In denovo mode, a similar criterion is applied to contigs containing a CDR3, but as junction segment we instead use the 100 bases starting from the end of the CDR3, we do not consider chain type when deleting a contig, and the two strongest contigs are protected from deletion.
Incorrect clonotypes can arise from sources such as extracellular mRNA or doublets. To protect against this, we declare that some contigs have low confidence (and subsequently, these contigs are excluded from clonotypes). We first describe how this is done in the non-denovo case. Nonproductive contigs are declared to have low confidence. Productive contigs are initially assigned high confidence, then all are downgraded to low confidence if any of the following apply:
There are more than four productive contigs
In the non-denovo case, there are more than two contigs for a chain type (e.g. three TRA contigs)

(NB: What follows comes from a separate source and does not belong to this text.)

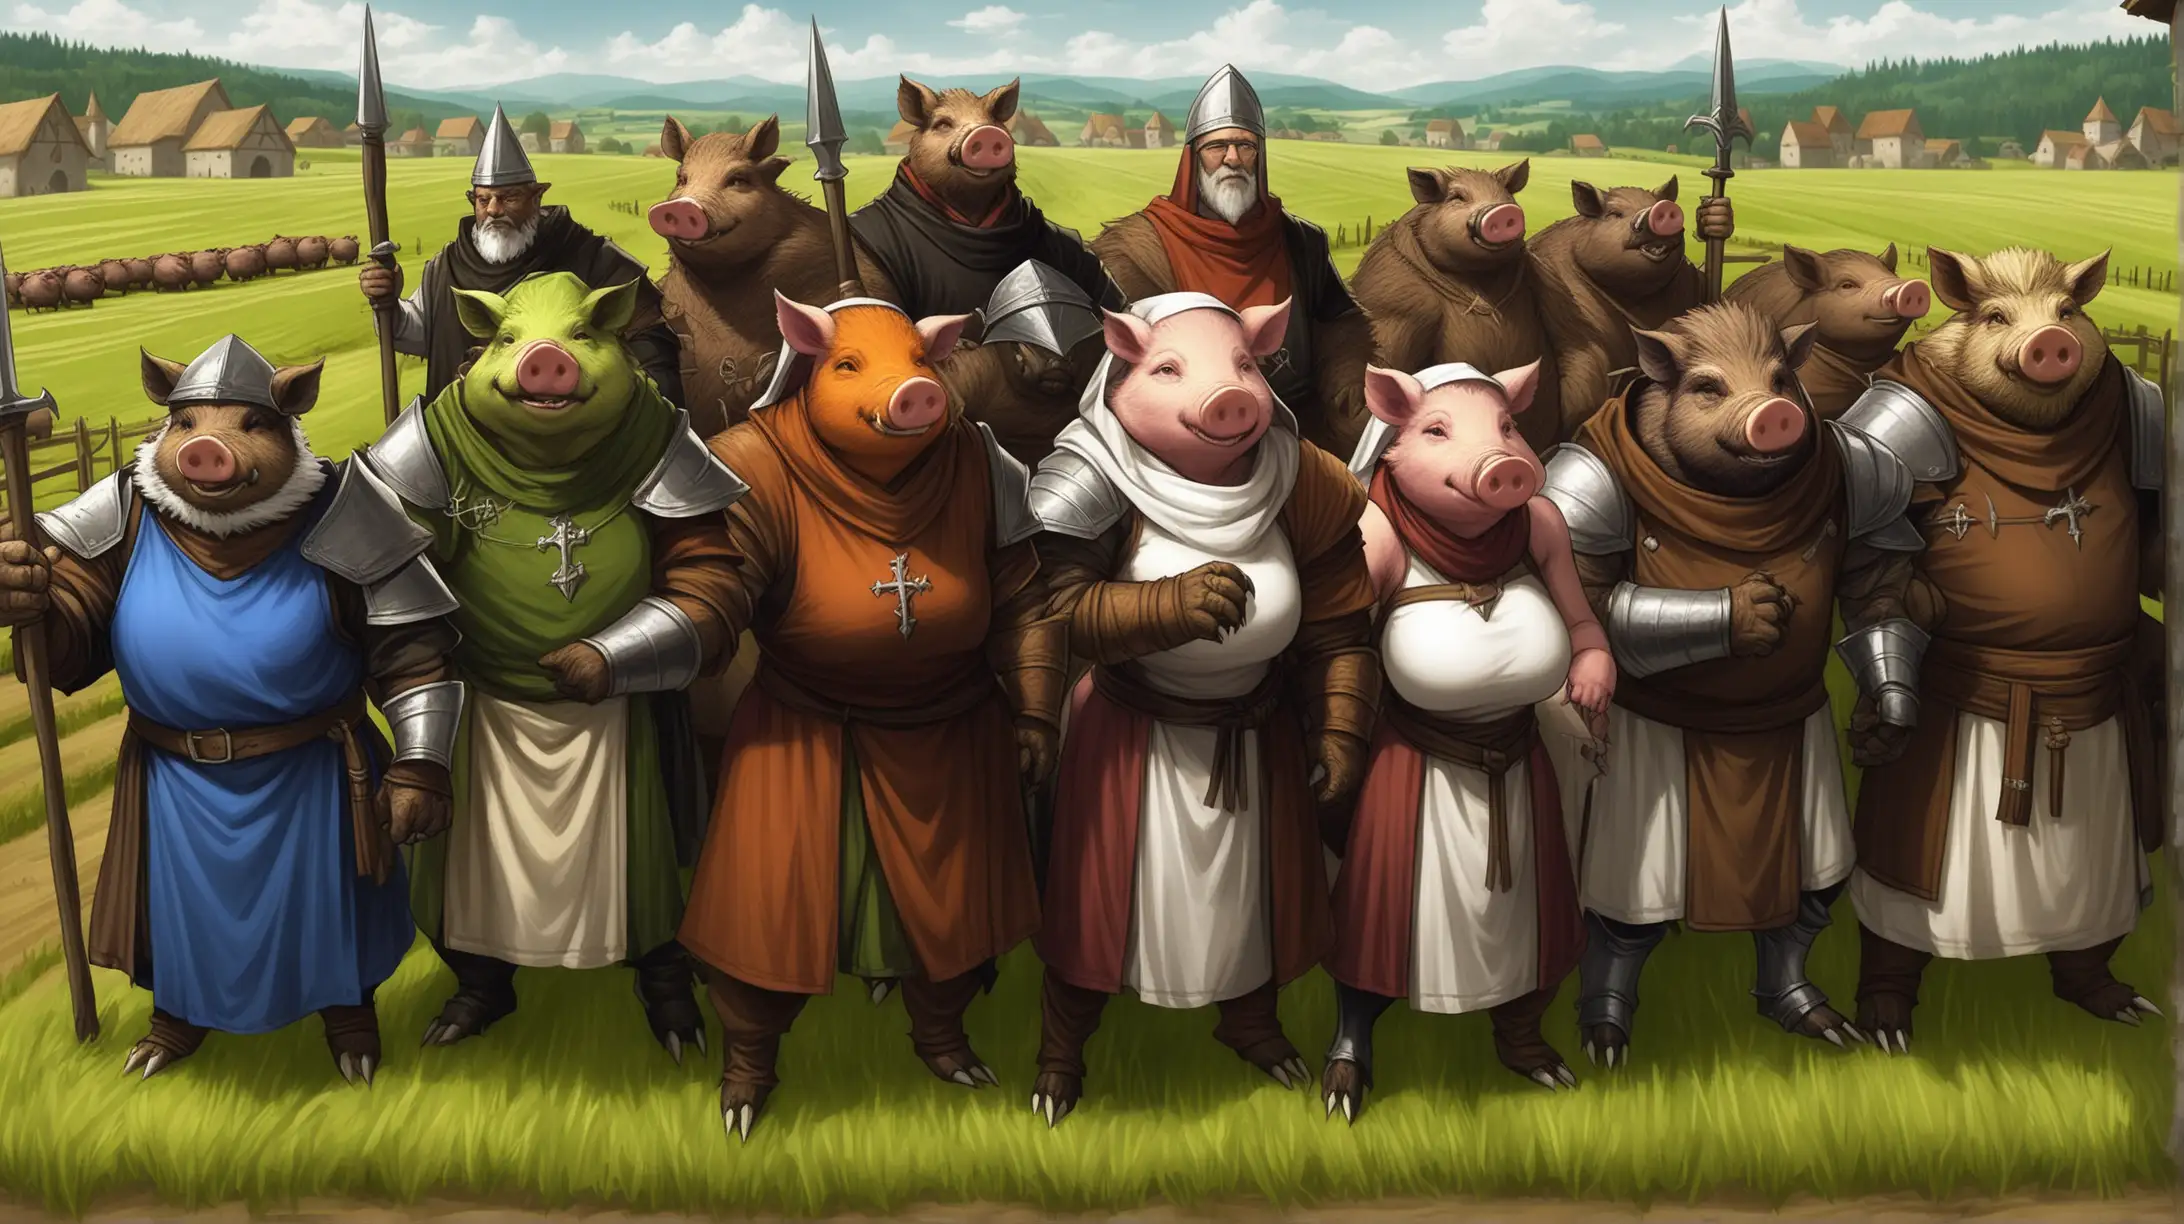 hybrid boar men, hybrid boar women, warriors, clerics, furry, farmland, Medieval fantasy
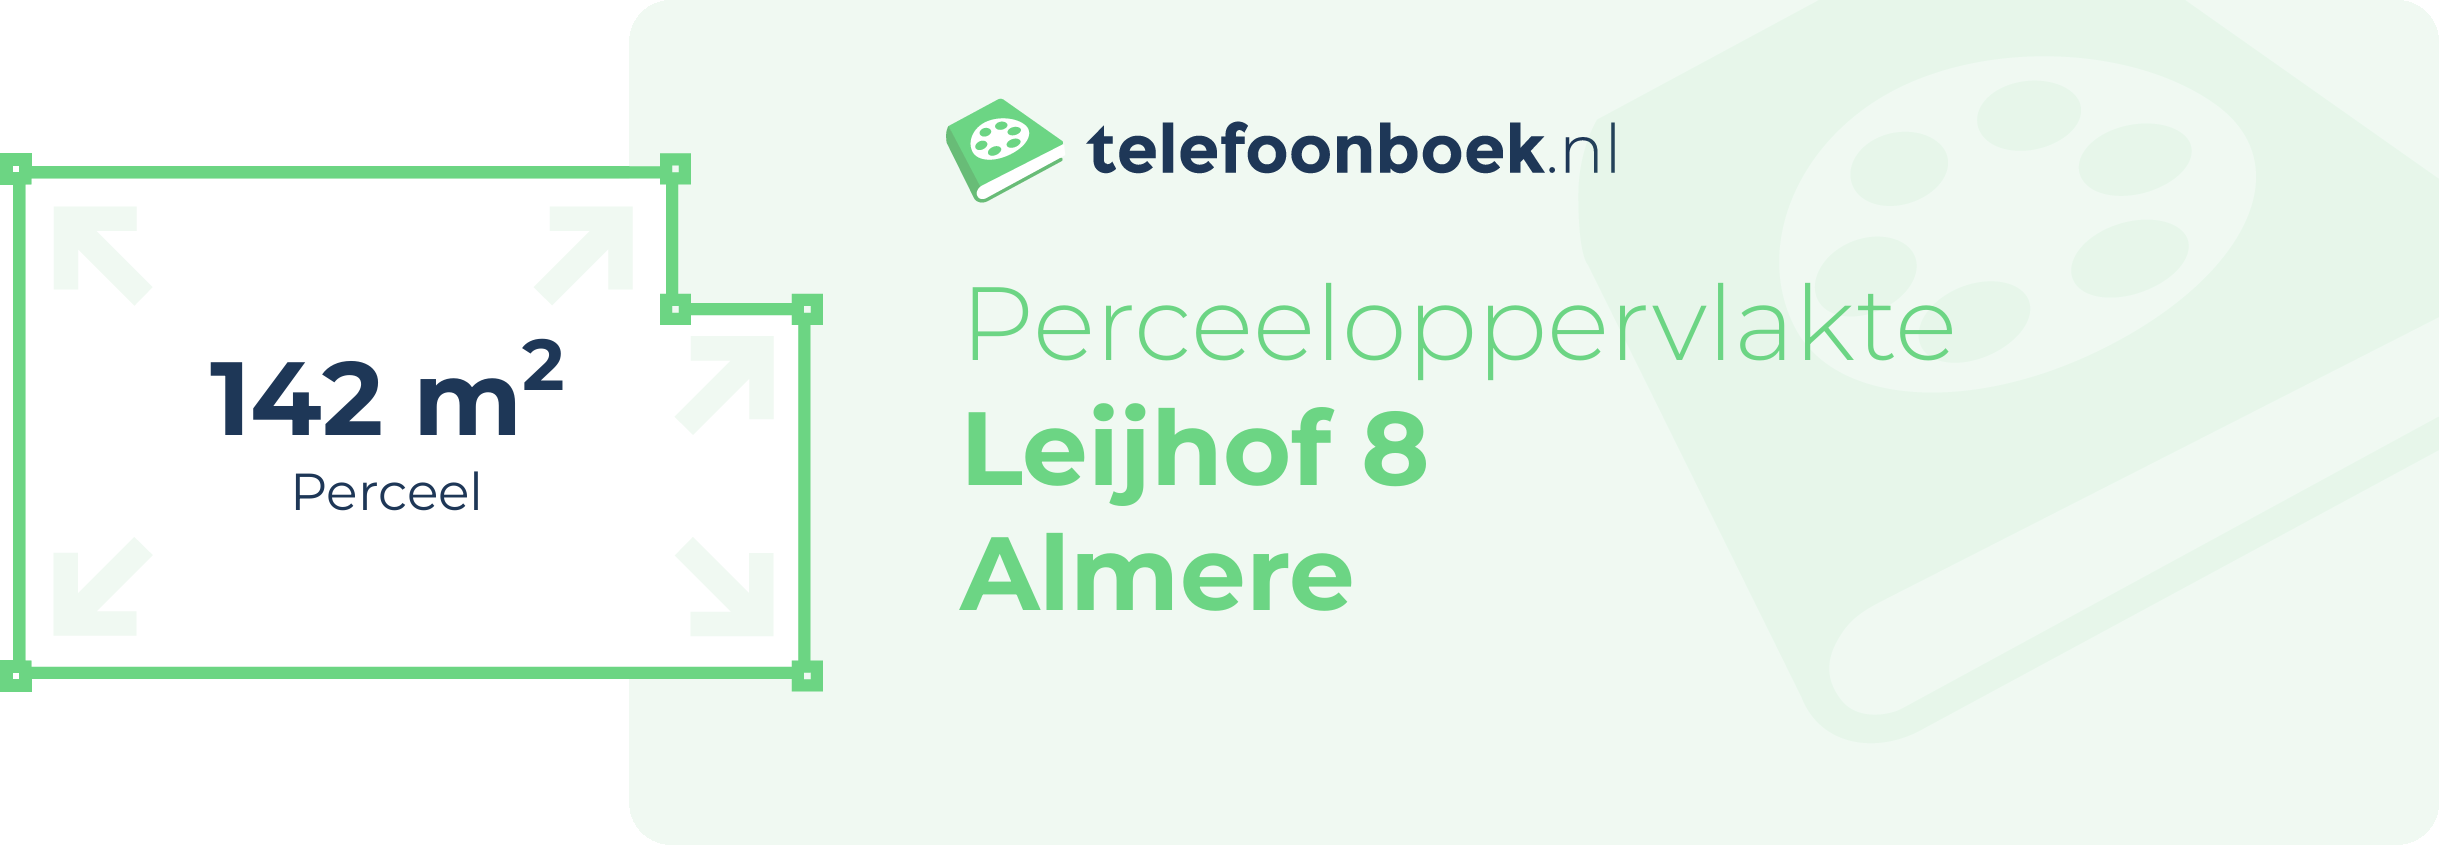 Perceeloppervlakte Leijhof 8 Almere

There are less than three filtered UMIs each having at least three read pairs
All productive contigs have junction UMI support at most one, and either there are less than five filtered UMIs each having at least three read pairs, or there are more than two productive contigs
Some productive contig has junction UMI support at most one, and three are less than three filtered UMIs each having at least n/20 read pairs, where n is the N50, taken over all UMIs in the entire dataset that have at least two read pairs, of the number of read pairs in such UMIs
Individual productive contigs are downgraded if their junction UMI support is at most one and the number of productive contigs exceeds two.
In the denovo case, the same criteria are applied, with 'productive contig' replaced by 'contig having a CDR3 sequence', except that the chain type test is not applied.
Each base in the assembled contigs is assigned a Phred-scaled Quality Value (QV), representing an estimate of the probability of an error at that base. The QV is computed with a hierarchical model that accounts for the errors in reverse transcription (RT), that will affect all reads with the same UMI, and sequencing errors which affect individual reads. The sequencing error model uses the reported sequencer QVs. At recommended sequencing depths, many reads per UMI are observed, so sequencing errors in individual reads are corrected rapidly. We estimate that the V(D)J RT reaction has an error rate of 1e-4 per base, so assembled bases that are covered by a single UMI will be assigned Q40, and bases covered by at least two UMIs will be assigned Q60.